Documentation to consult:
- Oracle’s AI Vector Search overview and FAQ describe the VECTOR type and index families.
- The 26ai SQL Reference for CREATE VECTOR INDEX covers syntax and options.
- Blog guides detail HNSW, hybrid indexes, and indexing guidelines.
JSON Relational Duality: model once, access two ways
JSON Relational Duality exposes normalized relational data as updatable JSON documents via “duality views.” Developers can read and write JSON with ACID semantics, while DBAs preserve schema integrity and performance.
What it looks like in practice:
- You define a duality view with a concise GraphQL‑style specification that maps tables and relationships to a JSON structure.
- Under the covers, data lives in relational tables; the duality view handles document composition, joins, and updates.
- Concurrency and optimistic control rely on ETAGs; you can manage multiple hierarchies over the same data.
Migration helpers:
- The DBMS_JSON_DUALITY package supports schema inference and DDL generation (INFER_SCHEMA, GENERATE_SCHEMA, INFER_AND_GENERATE_SCHEMA) plus data import and validation.
Why DBAs care:
- Less duplication: You avoid duplicating JSON stores and ETL layers.
- Governance: You keep relational privileges, auditing, and backup/recovery where they belong.
- Performance: Single round‑trip document operations with relational efficiency; test and tune as you would any view (but expect JSON document shapes to influence access paths).
References:
- Oracle’s JSON Relational Duality docs and feature overview explain the concepts and GraphQL‑based definitions.
- The DBMS_JSON_DUALITY package documentation lists procedures and parameters for migrations and validation.
Exadata System Software 25ai: AI Smart Scan and monitoring cues
Exadata 25ai introduces AI Smart Scan enhancements that push vector workload processing down to storage cells.
Key ideas (as documented in Oracle’s Exadata blogs):
- Adaptive Top‑K filtering on cells reduces data transfer to DB servers (blogs describe up to several‑fold filtering improvements). Vector Distance Projection computes distances on storage and sends compact results upstream.
- INT8 and BINARY vector formats can be significantly faster than FLOAT storage for similarity search, with guidance on accuracy trade‑offs in Oracle’s posts. Neighbor partition (IVF) offloads and contextual filters arrive across 25.1/25.2.

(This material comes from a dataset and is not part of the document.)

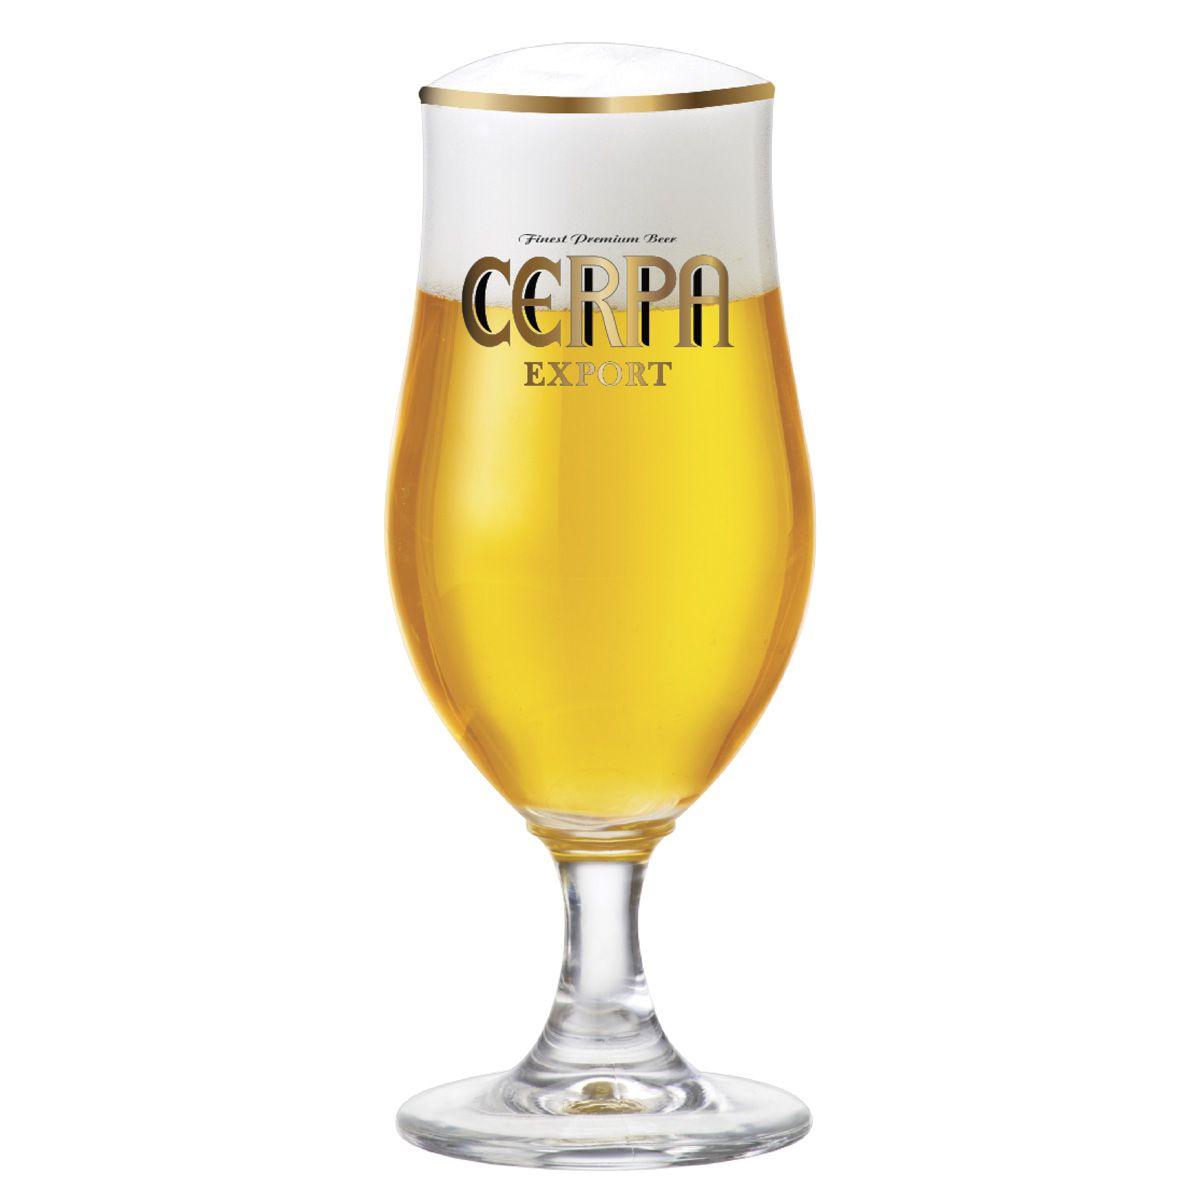 Taça de Cerveja Cerpa Export Cristal 370ml

- Hardware matters: newer X11M platforms increase Smart Scan throughput compared to X10M, which shows up in faster index builds and scans.
What you can monitor:
- DB layer: Use AWR/ASH to spot heavy similarity queries, track wait events, and review plans. There isn’t a dedicated v$ view for vector offloads; rely on standard diagnostics.
- Storage layer: Use ExaWatcher utilities like CellSQLStat and ecstat to observe offload activity. Oracle’s blogs highlight these tools for operational visibility.
Further reading (authoritative anchors):
- Exadata 25.1/25.2 release blogs and the AI Smart Scan deep dive provide engineering‑level explanations and performance figures.
- Exadata X11M materials outline hardware throughput characteristics that influence offload performance.
Autonomous Database Select AI: NL→SQL, RAG, and governance
Select AI connects Autonomous Database to OCI Generative AI for natural‑language querying and RAG augmentation while keeping controls inside the database.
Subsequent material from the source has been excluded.